The results quoted in the article appeared to be from a sample size of 2 bottles. I find it really hard to believe any conclusions on that kind of sample size.


----------



## 1d10t (Aug 7, 2019)

Jim Welch said:


> Yes, I read many of those comments but it seems to me they are almost all, if not completely all, anecdotal! I am presuming a person that holds a PhD. would only cite scientific, controlled experiments. As at lest one of those comments mentions cork size and quality MUST (emphasis added) be taken into account. Now I’m not saying one side or the other of this issue is correct but this practice of storing bottles on their side surely dates to far before the scientific age of rigorously controlled experiments.

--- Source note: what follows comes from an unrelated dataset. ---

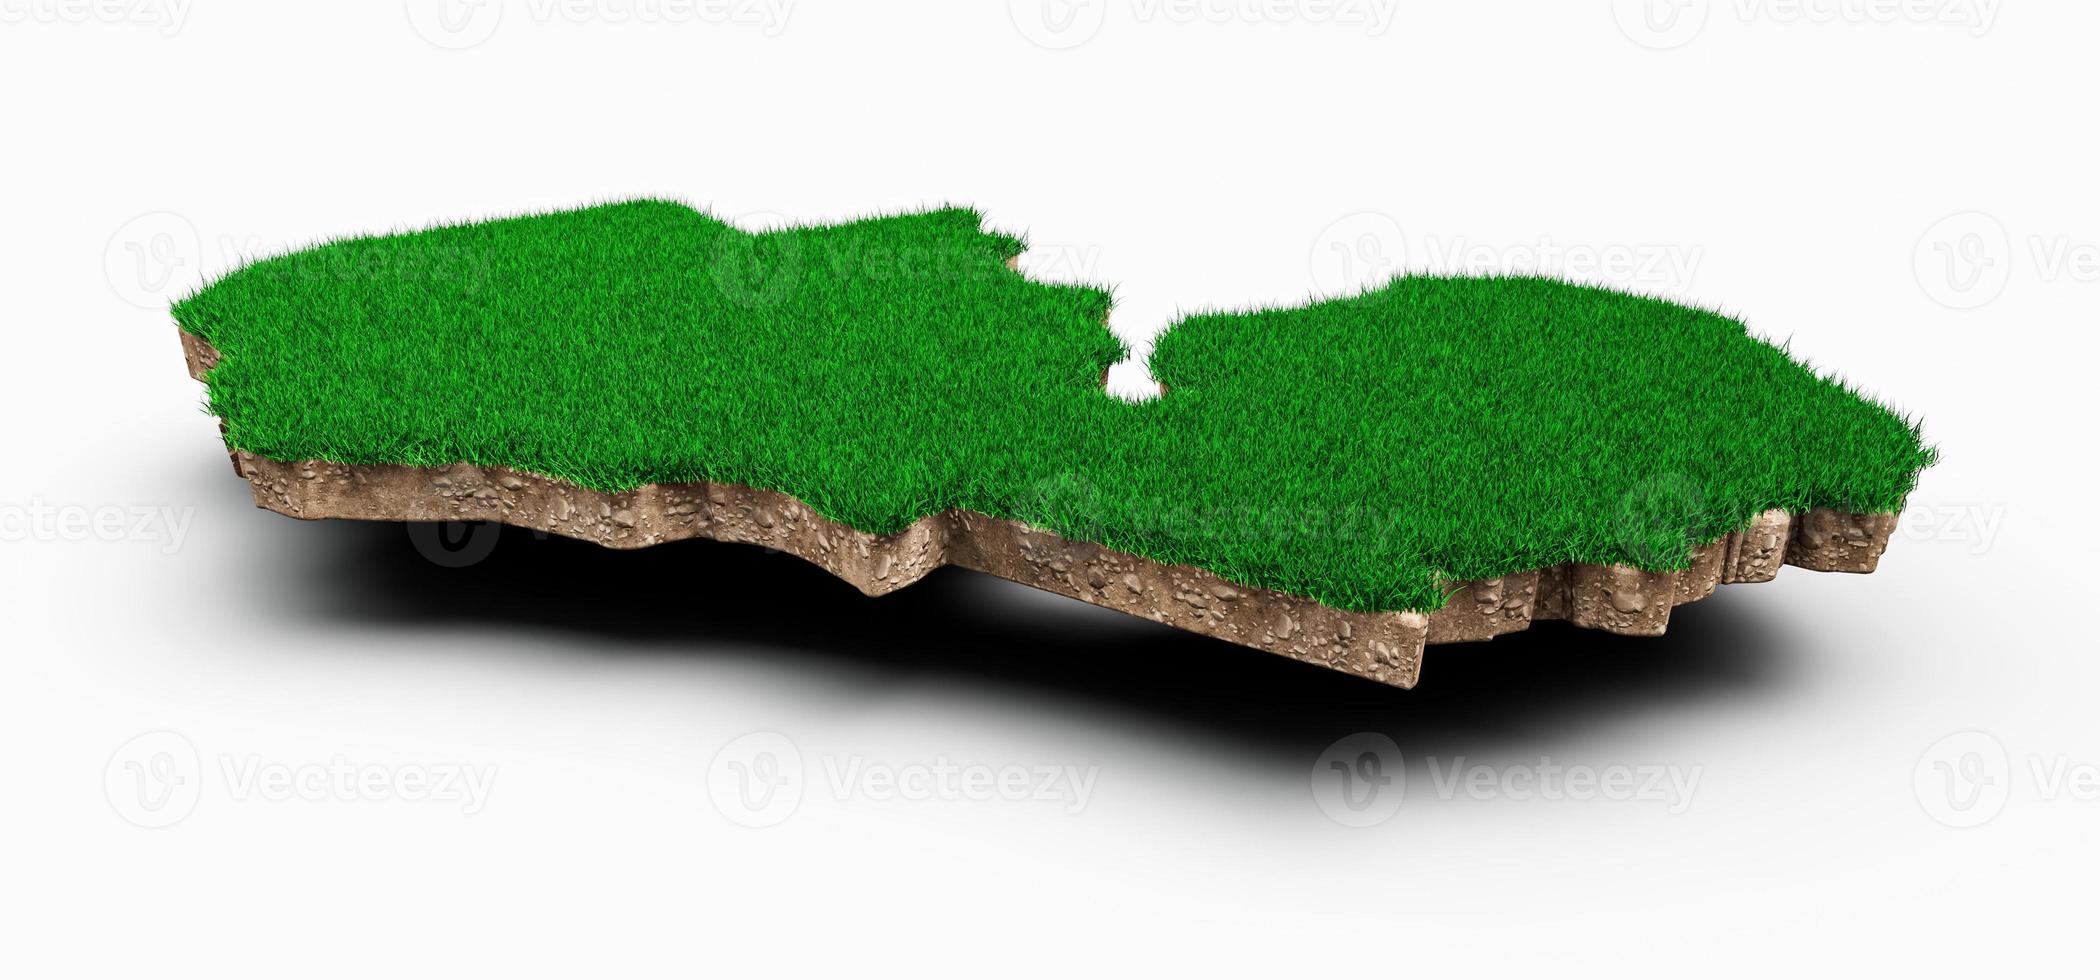 carte de la zambie coupe transversale de la géologie des sols avec de l'herbe verte et de la texture du sol rocheux illustration 3d photo
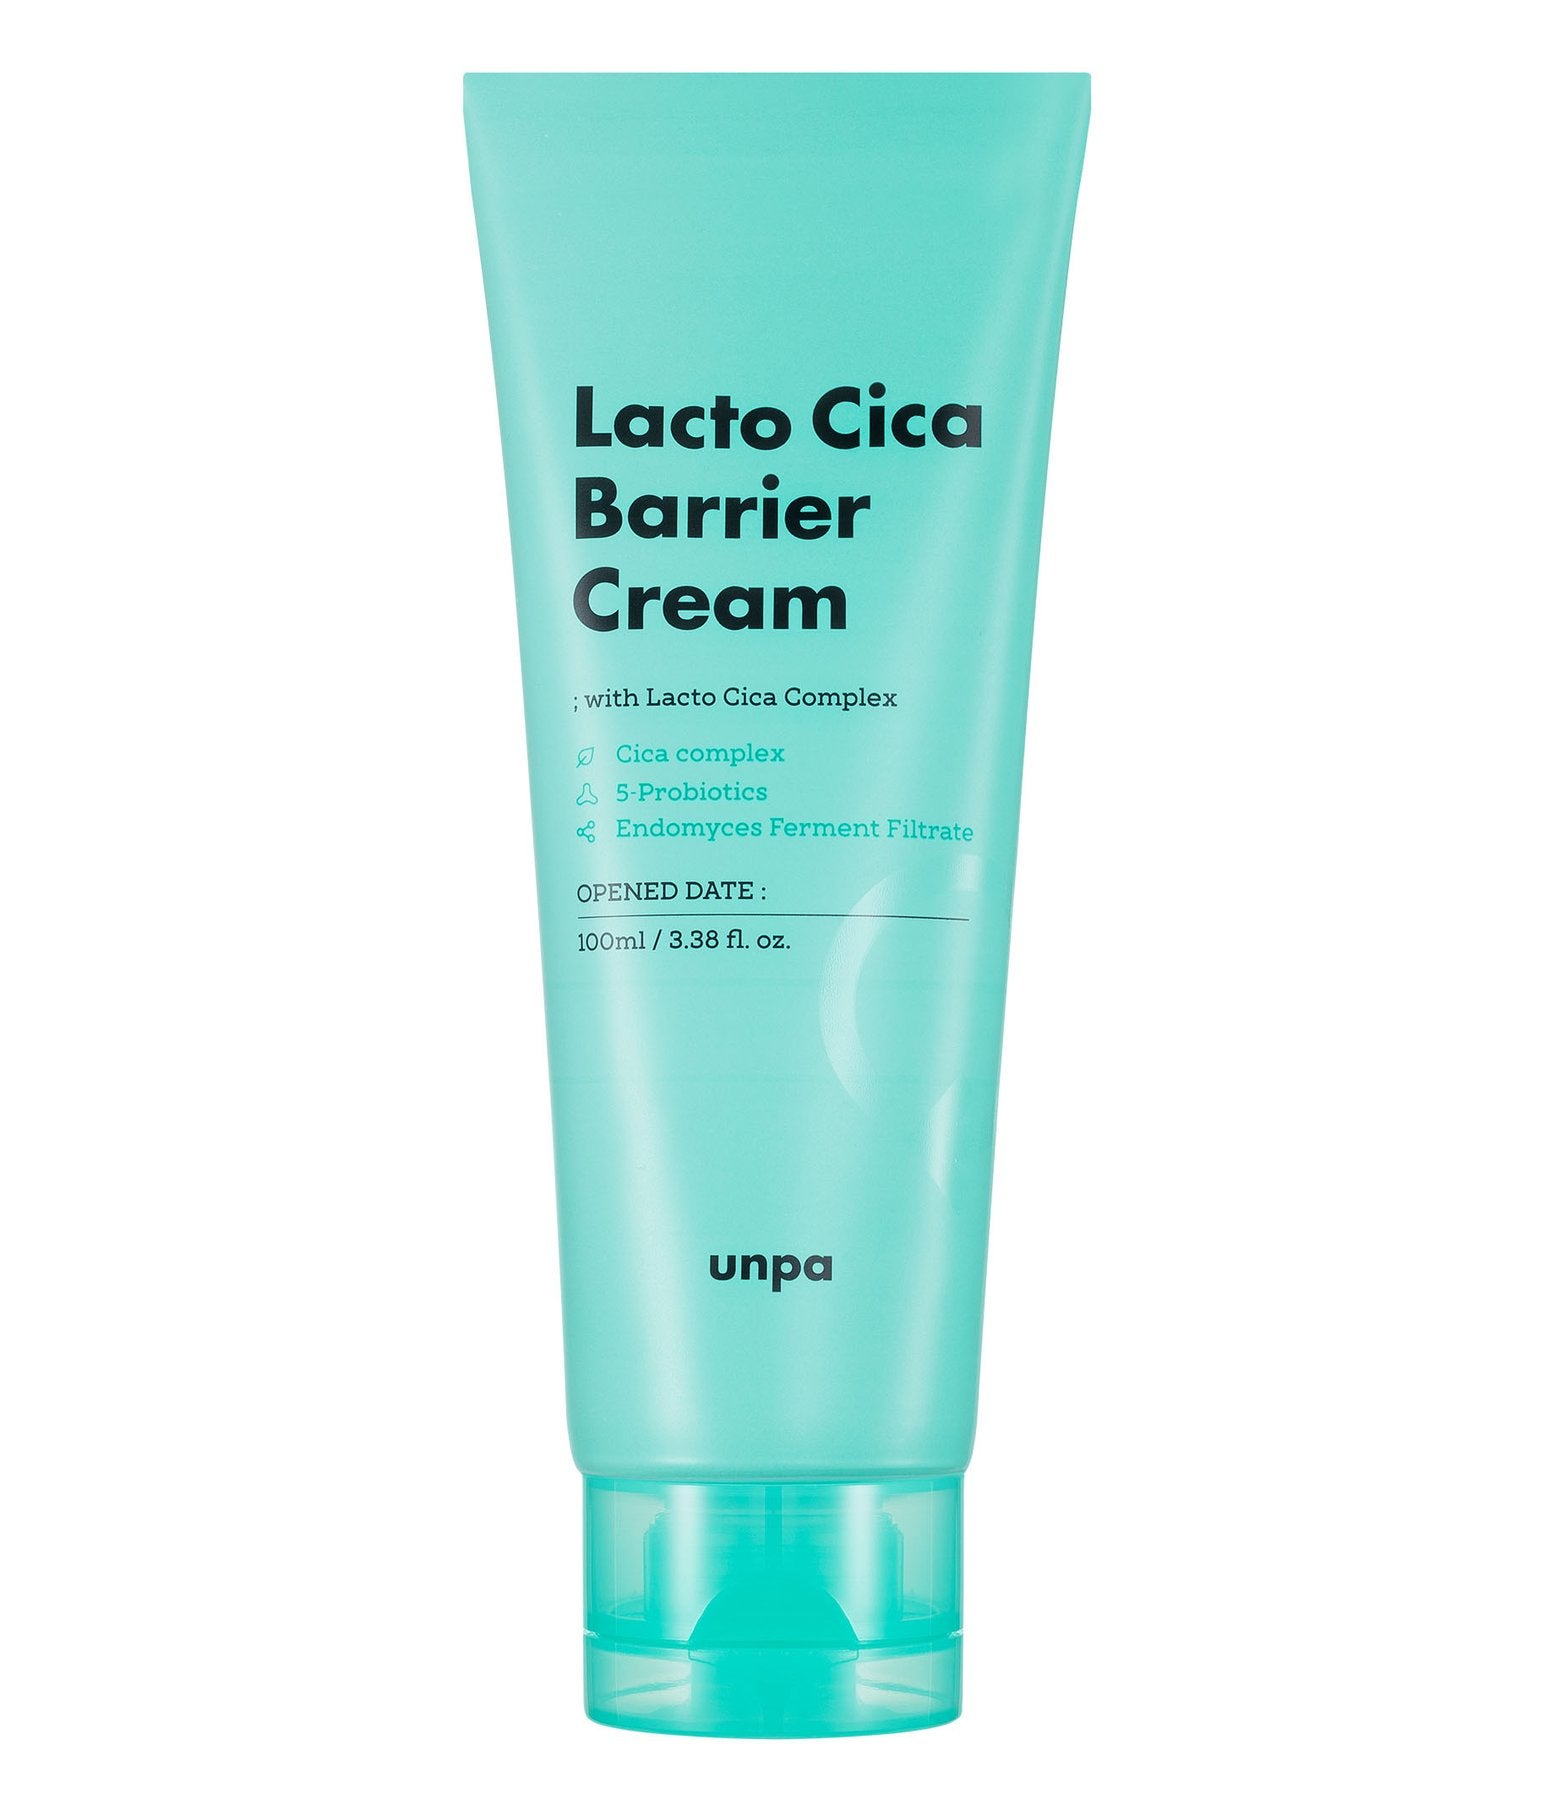 UNPA Lacto Cica Barrier Cream (100ml)

The most complete answer did site another study that I didn't bother to look up though. The thing is that some of the anecdotal stuff involved time periods longer than the study. PhD's can be bought and sold by industry. Happens all the time. The courts are full of examples.


----------



## Trevor7 (Aug 8, 2019)

The one thing that will really ruin your day is buying a 5 year old bottle of wine that has been stored upright, only to find the cork has dried out and crumbles upon opening. The wine won't be so good.


----------



## Rocky (Aug 9, 2019)

I will continue to store my wine on its side and I am unimpressed by Dr. Cabral's non-rigorous study and hasty conclusions. Firstly, I would concede that the relative humidity in the bottle is something near 100% if he would concede that only effects the surface of the cork that is inside the bottle. The surface at the other end, the cork would be exposed to ambient RH. If this were low, the cork would dry from the outside and that last micron of cork inside the bottle would not protect the wine. Secondly, I have always believed that the main reason for storing wine on its side was to eliminate air space at the cork and making oxygen penetration into the wine difficult if not impossible. The airspace that remains in the bottle is at the far end isolated by liquid and glass, both of which are essentially impervious to oxygen penetration.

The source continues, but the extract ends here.